A quick look at Seeking Alpha’s main page for the SPDR S&P Regional Banking ETF (NYSEARCA:KRE) leaves little doubt: many smart and well-informed analysts seem to think that this is a great opportunity to buy the dip in regional bank stocks. Four of the five articles written after the SVB Financial (SIVB) collapse support a buy rating, while the other merely considers KRE a hold.
I can understand the rationale. While certain players in the financial sector appear to be in deep trouble, the global financial system at large still seems to be structurally sound. Then, why not just buy a diversified basket of bank stocks that has corrected 30% in the past few days alone, as is the case of KRE (see below), and patiently await the rebound?
To me, the reason is simple: even if the reward potential exists, and it probably does, the risks associated with it are disproportionately large. Investing in regional banks will eventually make a lot of sense, in my opinion, but the right time to do so might not be right now.
Short-term pain, long-term gain
Maybe I am just getting old and cranky, but there are certain behaviors in the market that bother me. One of them is the pursuit of potentially outsized future returns without proper regard for risks — as if one were not the mirror image of the other.
If all that mattered were gain opportunities, I would consider KRE (1) a tossup in the short term, albeit with a bearish bias, and (2) probably a good investment for the very long term.
As I argued in a few of my recent articles, “an economic slowdown is a near certainty [and] I don’t think that a recession has been this obviously telegraphed in many decades.” Because regional bank stocks are heavily correlated with the broad equities market and economic cycles, I think that the current landscape does not bode well for the sub-sector. However, given enough time (think many years), the financial services space is likely to recover, as it has in previous crises, and regional bank stocks should move well past previous highs.
Regarding the long term, the following graph illustrates my point. Since its 2006 inception, KRE has returned an average of 7.3% over any 12-month period — the first bar labeled “control”. But if bought after a 20%-plus correction from peak levels, also known to some as a bear market, the average gains in KRE have been a much better 17.2% over the following year (the second bar below). Clearly, in this case, buying panics has paid off.
Think risks, not just rewards
Having said the above, I think that risks should be carefully considered before committing capital to the SPDR S&P Regional Banking ETF. This is where my current sell rating on this fund begins to take shape.
I could spend some time discussing the potential issues that the regional banking sub-sector could be facing, but the financial media has already been covering the subject extensively. I bet that few investors fail to understand the possible pitfalls posed by a weakening economy, rising interest rates, and a deeply inverted yield curve.
Instead, I focus on the analysis of historical data. While buying the dips in KRE has eventually proven to be a good idea in the past, as I discussed above, the risks have also been disproportionately high. For example, the worst 12-month return in KRE of -57% happened when shares were bought on March 11, 2008. On that day, the ETF had already corrected 33% from the peak reached in February 2007. Those who bought the dip back then suffered massive losses in the short term and were still under water nearly eight years later (see below).

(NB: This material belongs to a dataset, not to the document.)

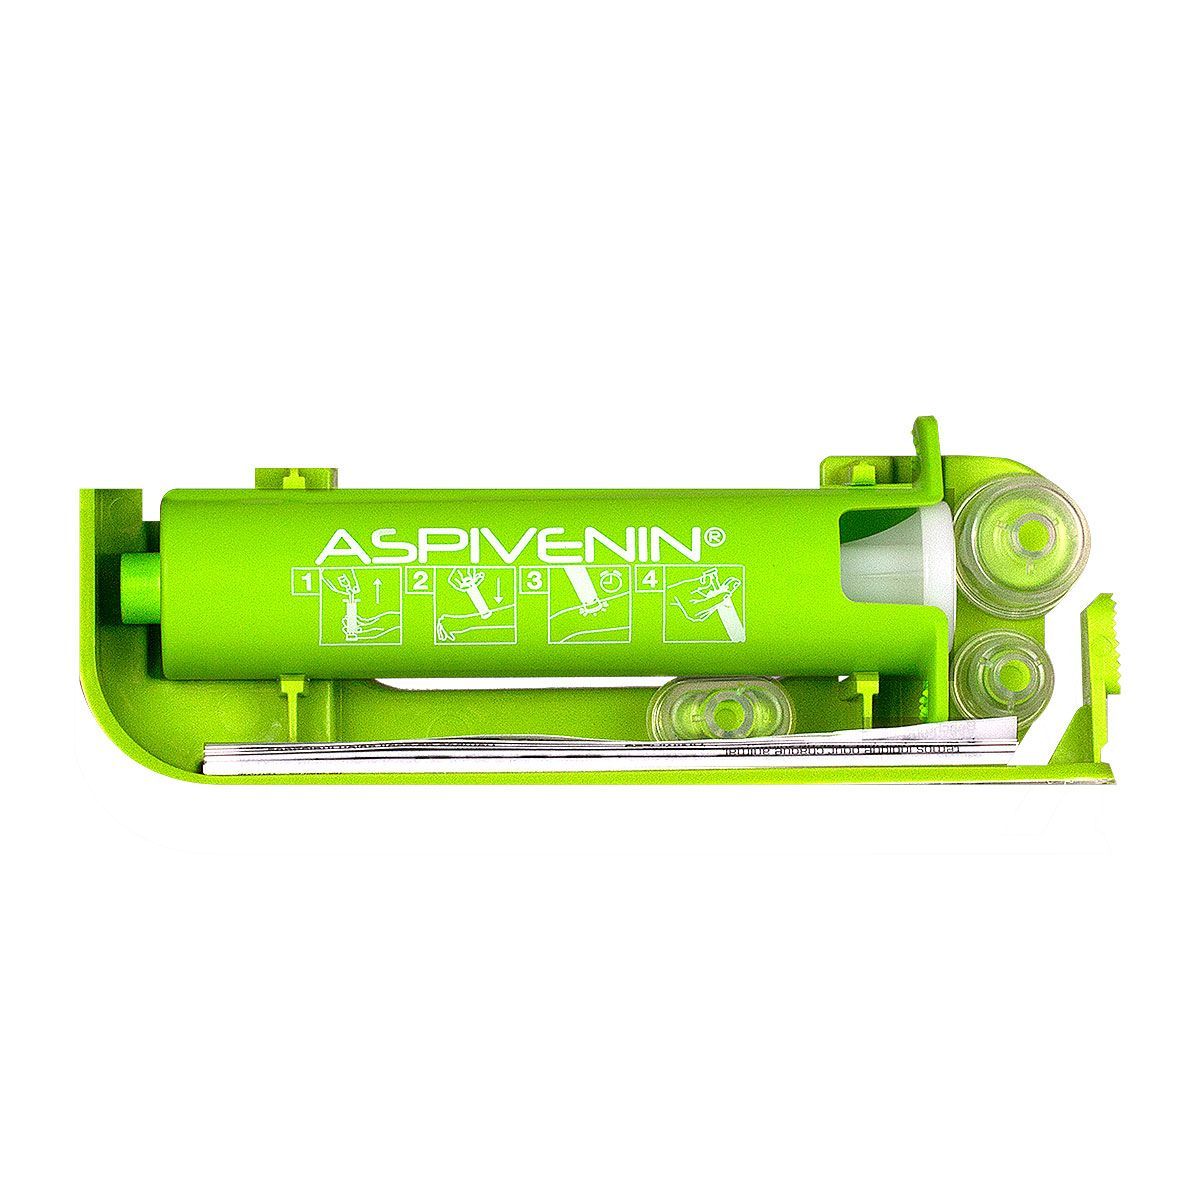 Aspivenin pompe anti-venin est une mini pompe aspirante qui vous permet  d'extraire de façon indolore

Pay attention to price action
So, we seem to have hit a wall. Buying dips is a good thing, but the opportunity comes attached to meaningful risks of sizable losses. What is the best course of action then: to be fearful or to be greedy?
In my view, investors should wait for the storm to pass. Fundamentally speaking, this is easier said than done, especially because the market tends to react well ahead of any improvement in the macro landscape. However, the market itself may provide investors with the clues that they need to ride the recovery without exposing too much capital to the potential of large losses.
Instead of blindly buying KRE when the ETF is in a bear market, I added one layer to my backtest presented above: only do so if the fund ended the previous trading session above the 200-day moving average. Doing so ensures that dip-buyers are not riding the bear market all the way to the bottom while participating (even if not from the very beginning) in the rebound.
Purely from a return perspective, not surprisingly, being cautious during bear markets has not yielded better results. The forward 12-month gains, in this case, have been 16.6% on average since 2006, about 60 basis points lower than just blindly buying KRE during a bear correction. However, one standard deviation of the returns has been only 18.8%, nearly half the volatility levels of simply buying the dip (see the second and third bars below).
The reward-to-volatility ratio (think risk-adjusted returns) of buying KRE during a bear market has been 0.50, better than the 0.26 ratio of buying and holding the ETF regardless of market conditions. But much better has been the 0.88 ratio produced by buying KRE during bear markets only when the price has been showing signs of strength again.
I bet that the regional bank ETF will eventually recover, make new highs, and provide dip buyers with market-beating absolute returns. However, owning shares without clear signs of bullish support, as is the case today, could expose capital to sizable losses and possibly keep bulls underwater for years.
I would not buy KRE ETF today, but I am interested in following price action closely to know when it is safer to do so. Therefore, I issue a sell rating on this ETF at this moment, understanding that my rating will likely change once the market provides enough clues of bullish support.